Two years later, with the Institute for Justice’s Scott Bullock, Chip Mellor, John Kramer and Dana Berliner guiding us in our successful grassroots campaign to gain public awareness about eminent domain abuse, our battle is over.  I knew nothing about waging this type of battle.  None of us did.  But IJ did.  IJ empowered our group to win what was considered a “can’t win” battle.  Without IJ’s guidance, wisdom, experience and resources, we could not have prevailed.  The leverage IJ brought to our cause cannot be overstated.  We would have been seen as “a bunch of nay sayers” had it not been for the real power and force IJ brought to our cause.

The law may not have been tested in Pittsburgh, but the will of its people was.  IJ put us on top and sent a strong message to a mayor desiring reelection that his method won’t work here.  IJ’s staff and resources, put toward expert use, removed the threat and now have our mayor working with us, not against us.  Words alone cannot express the appreciation felt by the business and property owners, customers and citizens of our great city who did not want to see the soul ripped out of our center and replaced by a mall.

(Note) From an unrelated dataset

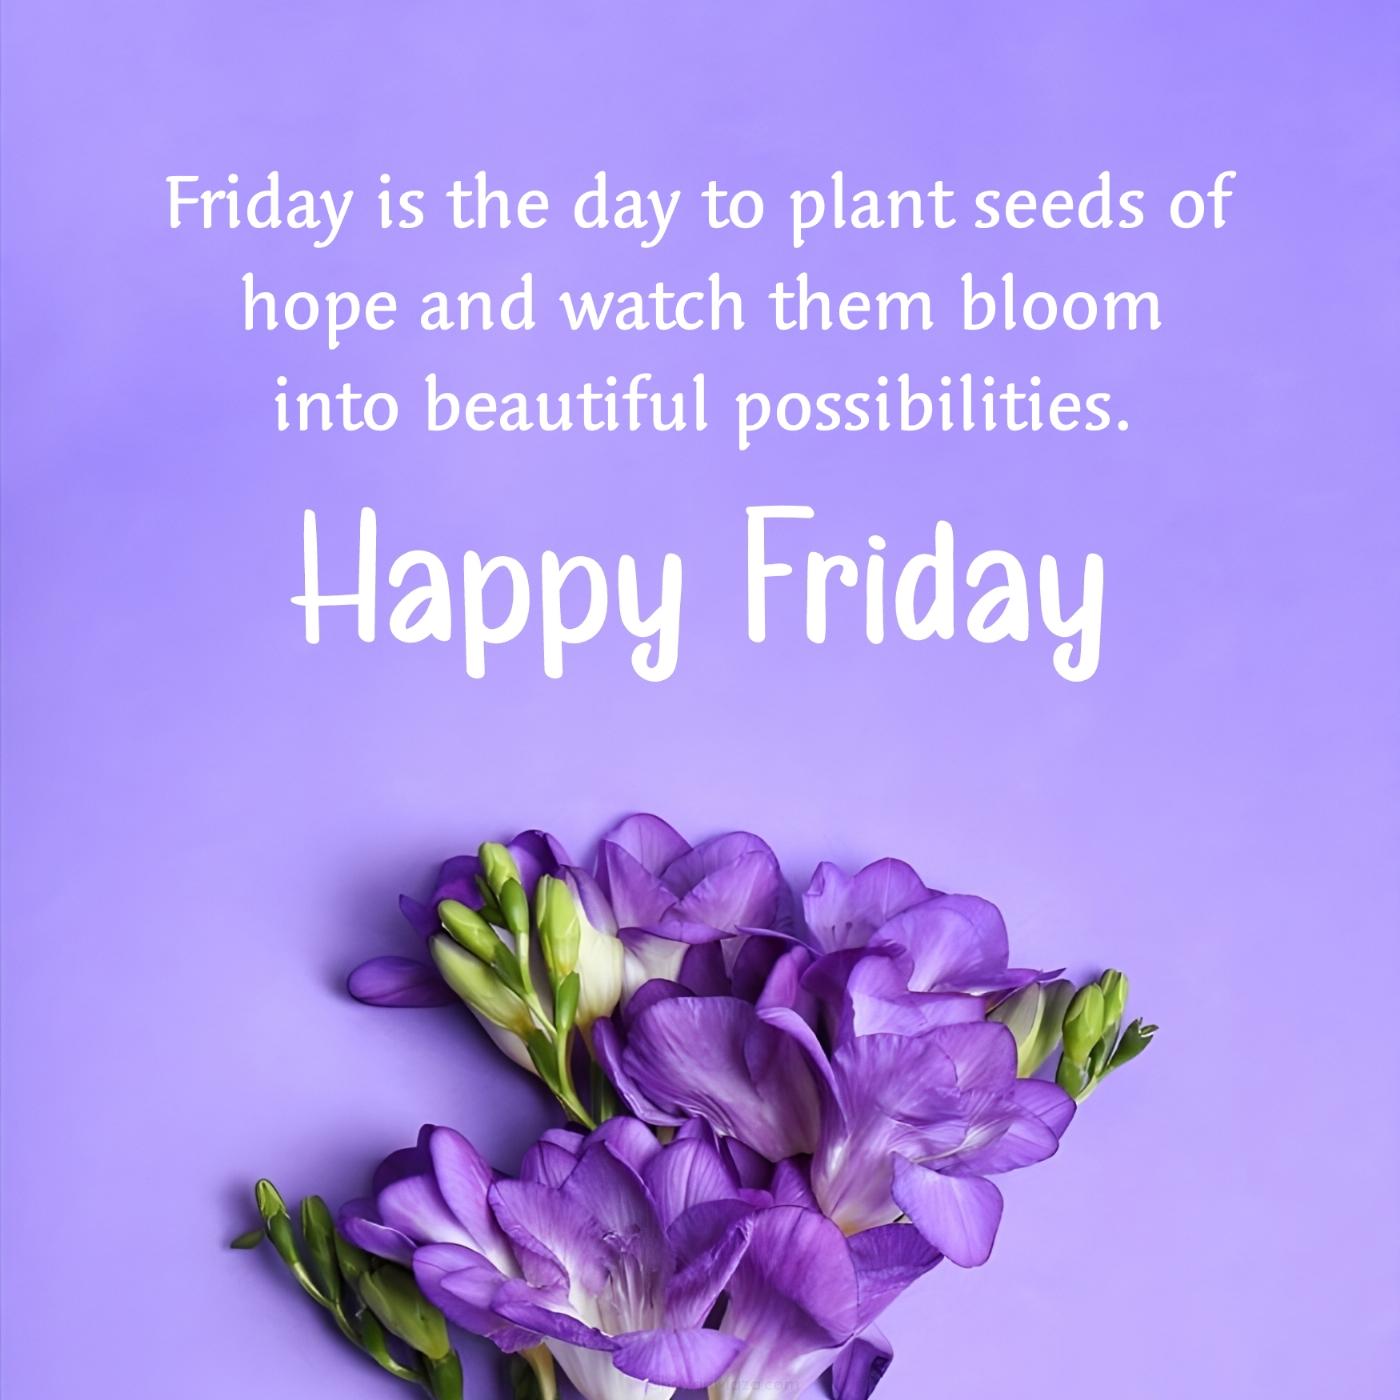 Friday is the day to plant seeds of hope and watch them bloom

I, along with many here at ground zero, will never forget that in our hour of need, it was IJ who stepped up and stood with us, when many in the community, in fear of retribution, had abandoned us.  I shall fondly recall who, in these darkest and dimmest hours, gave us the hope to continue and armed us with the tools to succeed.  Thanks IJ.

President of Pittsburgh’s Golden Triangle Community Development Corporation Bernie Lynch worked with the Institute for Justice to successfully defend property owners against the City’s abusive use of eminent domain.